Action item: Verbatim copy without images: return all of the data as it stands.

---------- Data provided ----------

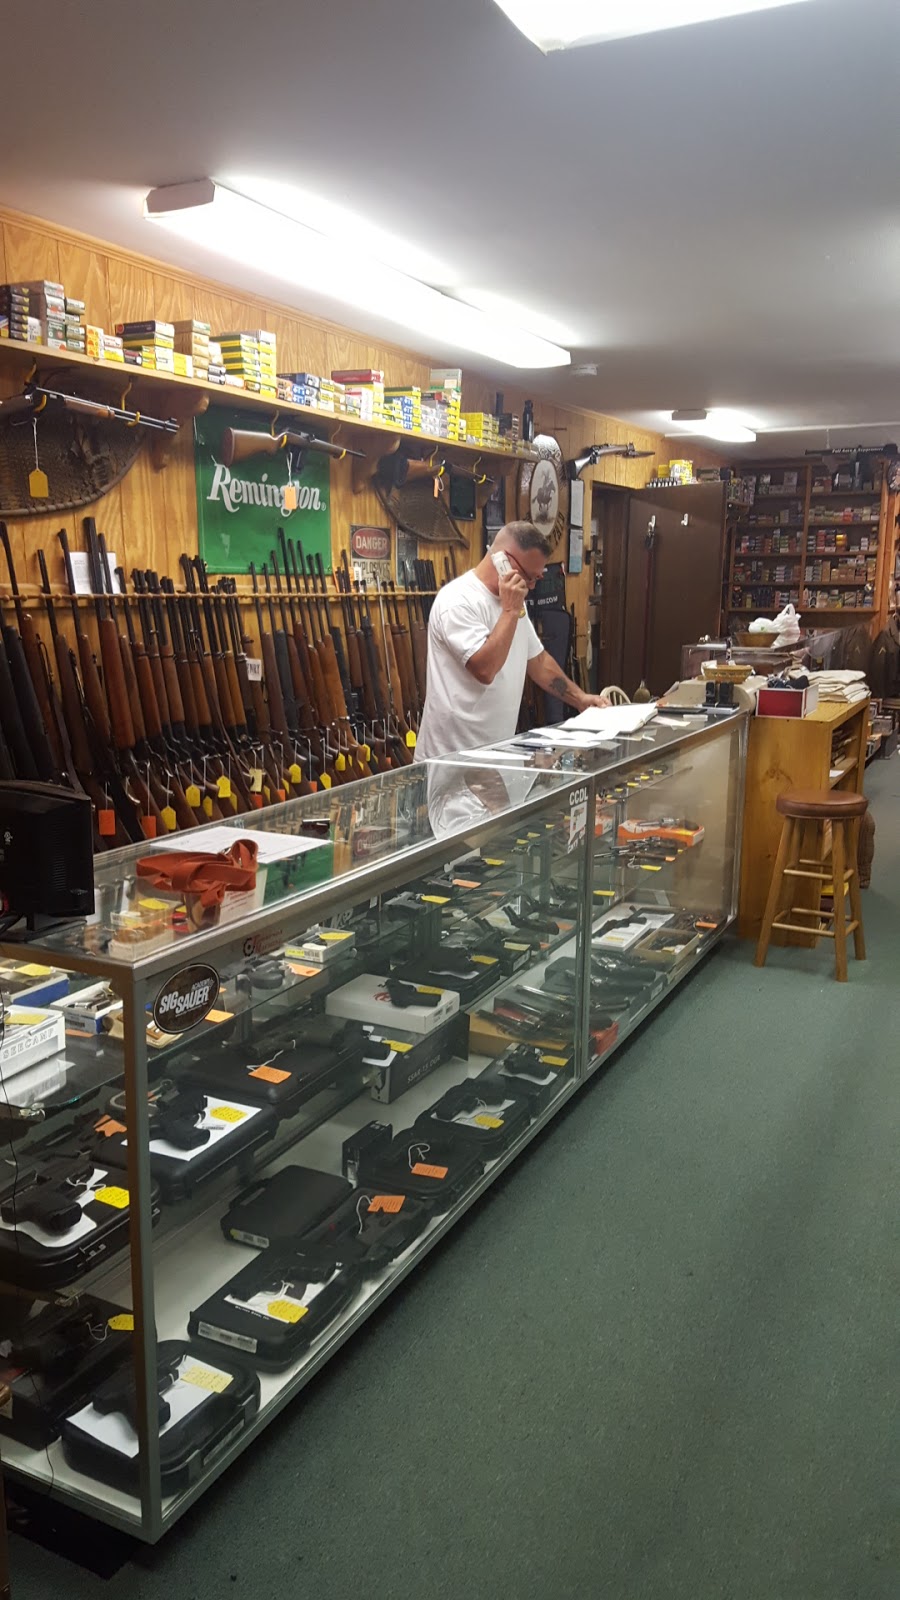 Northeast Sporting Arms LLC - Gun Store Connecticut | 163 Main St, Seymour, CT 06483 | Phone: (203) 888-0047
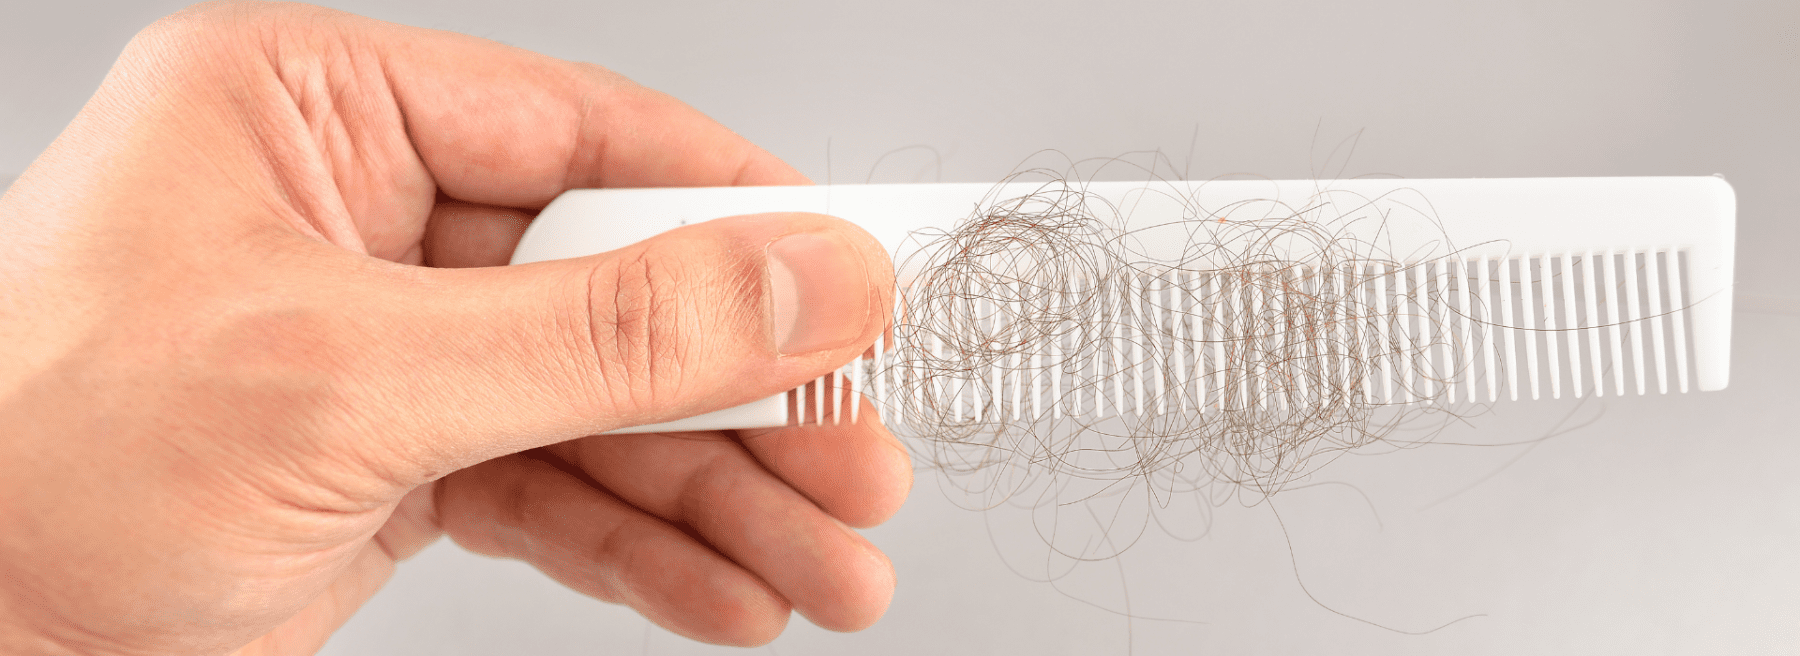 long hair loss on comb
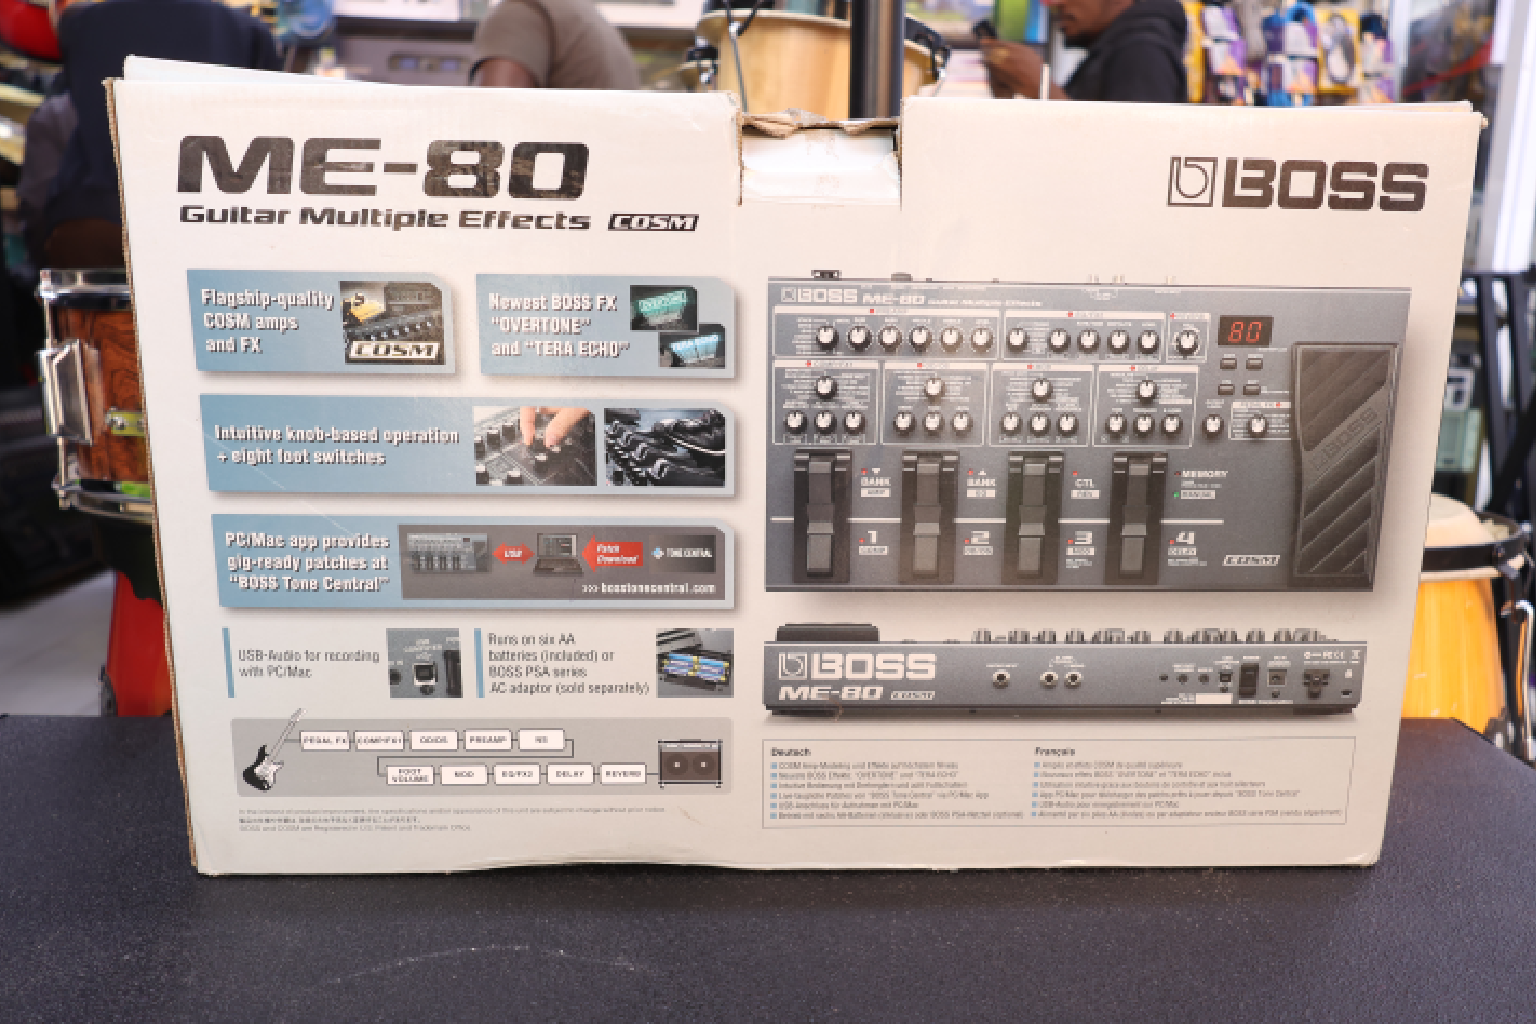 ME-80 sound samples

----------

Exercise response:
 Northeast Sporting Arms LLC - Gun Store Connecticut | 163 Main St, Seymour, CT 06483 | Phone: (203) 888-0047
 long hair loss on comb
 ME-80 sound samples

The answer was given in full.